● Task statement:
Copy out, from the data, each line containing the string "Foto".
══════════
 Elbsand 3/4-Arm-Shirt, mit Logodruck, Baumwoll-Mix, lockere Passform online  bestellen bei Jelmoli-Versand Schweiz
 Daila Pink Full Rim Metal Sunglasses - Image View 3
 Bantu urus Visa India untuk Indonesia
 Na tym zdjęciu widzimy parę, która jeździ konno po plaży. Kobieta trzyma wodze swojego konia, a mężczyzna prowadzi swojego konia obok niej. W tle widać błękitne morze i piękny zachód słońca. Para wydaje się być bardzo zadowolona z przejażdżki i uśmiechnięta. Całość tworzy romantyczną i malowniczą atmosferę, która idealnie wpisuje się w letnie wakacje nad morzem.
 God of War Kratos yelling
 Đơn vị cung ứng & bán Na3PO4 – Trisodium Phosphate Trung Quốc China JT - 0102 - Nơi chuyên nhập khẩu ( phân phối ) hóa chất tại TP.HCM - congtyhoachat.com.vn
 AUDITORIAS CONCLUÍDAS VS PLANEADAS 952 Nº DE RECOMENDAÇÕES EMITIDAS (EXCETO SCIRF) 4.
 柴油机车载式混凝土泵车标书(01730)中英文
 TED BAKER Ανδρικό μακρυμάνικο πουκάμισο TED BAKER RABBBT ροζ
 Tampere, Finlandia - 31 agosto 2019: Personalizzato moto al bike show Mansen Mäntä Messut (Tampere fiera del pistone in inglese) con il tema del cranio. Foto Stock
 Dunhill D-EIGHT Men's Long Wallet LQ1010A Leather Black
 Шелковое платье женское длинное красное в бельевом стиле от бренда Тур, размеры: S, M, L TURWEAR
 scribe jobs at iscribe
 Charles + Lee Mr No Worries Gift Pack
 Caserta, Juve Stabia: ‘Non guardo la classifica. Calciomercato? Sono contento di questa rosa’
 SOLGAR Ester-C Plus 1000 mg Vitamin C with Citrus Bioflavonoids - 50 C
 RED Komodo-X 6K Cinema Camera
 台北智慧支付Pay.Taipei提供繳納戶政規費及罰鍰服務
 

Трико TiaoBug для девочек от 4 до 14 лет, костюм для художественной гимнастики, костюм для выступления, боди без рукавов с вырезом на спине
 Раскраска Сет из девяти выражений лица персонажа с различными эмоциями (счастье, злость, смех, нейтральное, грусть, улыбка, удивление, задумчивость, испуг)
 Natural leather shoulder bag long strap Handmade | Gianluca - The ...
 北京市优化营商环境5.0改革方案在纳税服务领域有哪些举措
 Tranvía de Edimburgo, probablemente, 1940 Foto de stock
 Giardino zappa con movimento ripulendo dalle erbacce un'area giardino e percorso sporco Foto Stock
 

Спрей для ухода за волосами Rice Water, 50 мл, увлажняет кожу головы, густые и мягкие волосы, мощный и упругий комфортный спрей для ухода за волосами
══════════
● Problem solution:
 Tampere, Finlandia - 31 agosto 2019: Personalizzato moto al bike show Mansen Mäntä Messut (Tampere fiera del pistone in inglese) con il tema del cranio. Foto Stock
 Tranvía de Edimburgo, probablemente, 1940 Foto de stock
 Giardino zappa con movimento ripulendo dalle erbacce un'area giardino e percorso sporco Foto Stock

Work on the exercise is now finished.